With such hypotheses, it is possible to traduce the variations in Sr and Fe–Mn contents in variations of paleoenvironmental conditions along the section (see Fig. 6). These geochemical/environmental relationships are summarised on the bivariate scatter diagram of samples (see Fig. 10), and the opening trend depicted by the distribution of the different environmental fields can also be explained in terms of paleoenvironmental parameters.

Conclusions

To summarise, it appears that geochemistry shows distinct differences in Sr, Fe, and Mn contents between some shallow-marine environments. Along a depositional profile defined by the sedimentologic study, the evolutions of Sr, Fe, and Mn contents observed in the descriptive statistical stage, are significant between tidal-flat and lagoon, and between lagoon and distal lagoon/oolithic shoal transition. Within the lagoon, Sr, Fe, and Mn contents are not significantly different between the various depositional environments, but Fe and Mn display a progressive shift from one environment to the other. Finally, Mg contents appear to not reflect variations of depositional environments.
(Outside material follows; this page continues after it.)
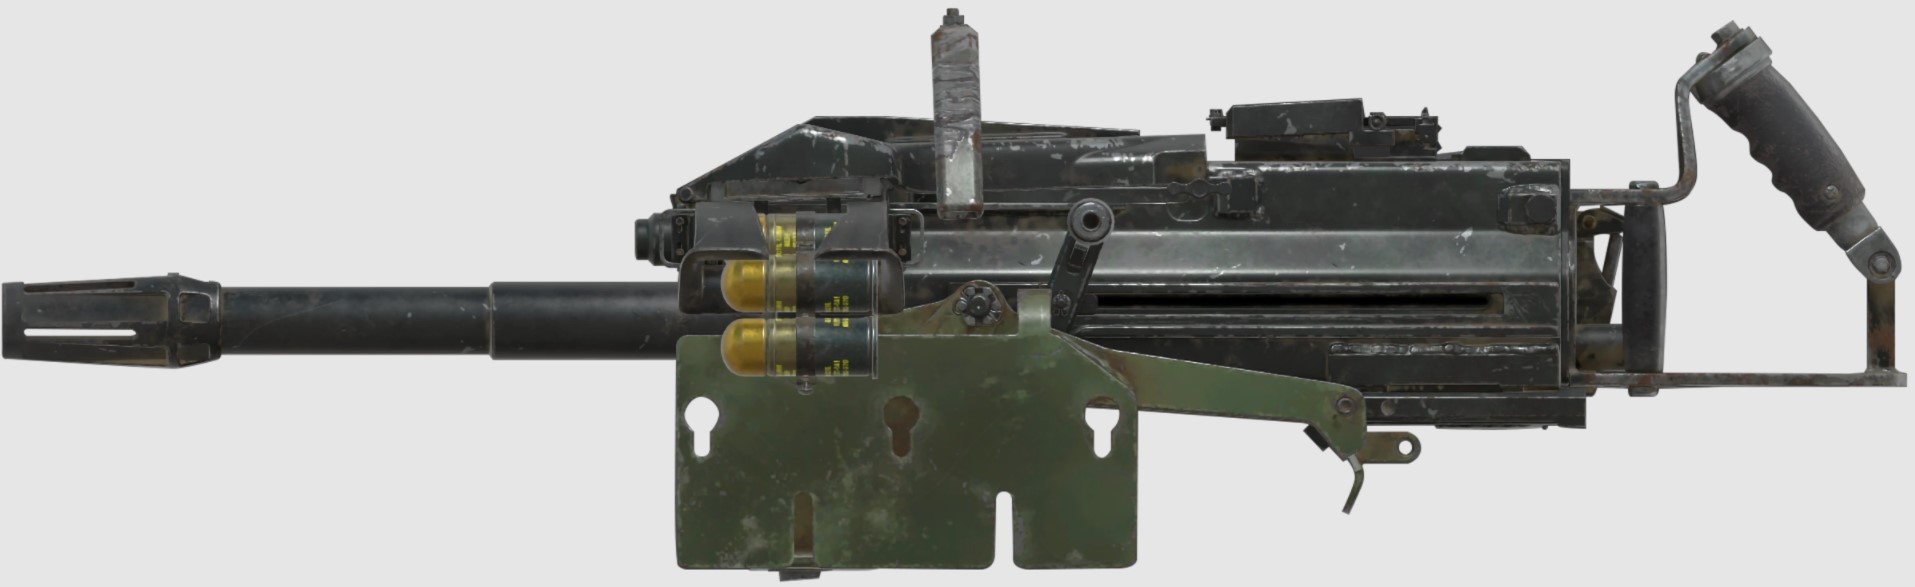 Fallout76 Grenade Auto

Trace element geochemistry in Oxfordian neritic carbonates along the Pagny-sur-Meuse section thus still record part of an initial signal influenced by paleoenvironment. Geochemical data obtained give precisions about paleoenvironmental parameters such as salinity, here related to Sr contents, detrital input, here related to Fe and Mn contents, and so about some of the climatic conditions during deposition of the sediments.

There is however one important point to bear in mind: contrary to the situation with pelagic carbonates, geochemical studies of neritic carbonates cannot yet be dissociated from sedimentological and diagenetic studies.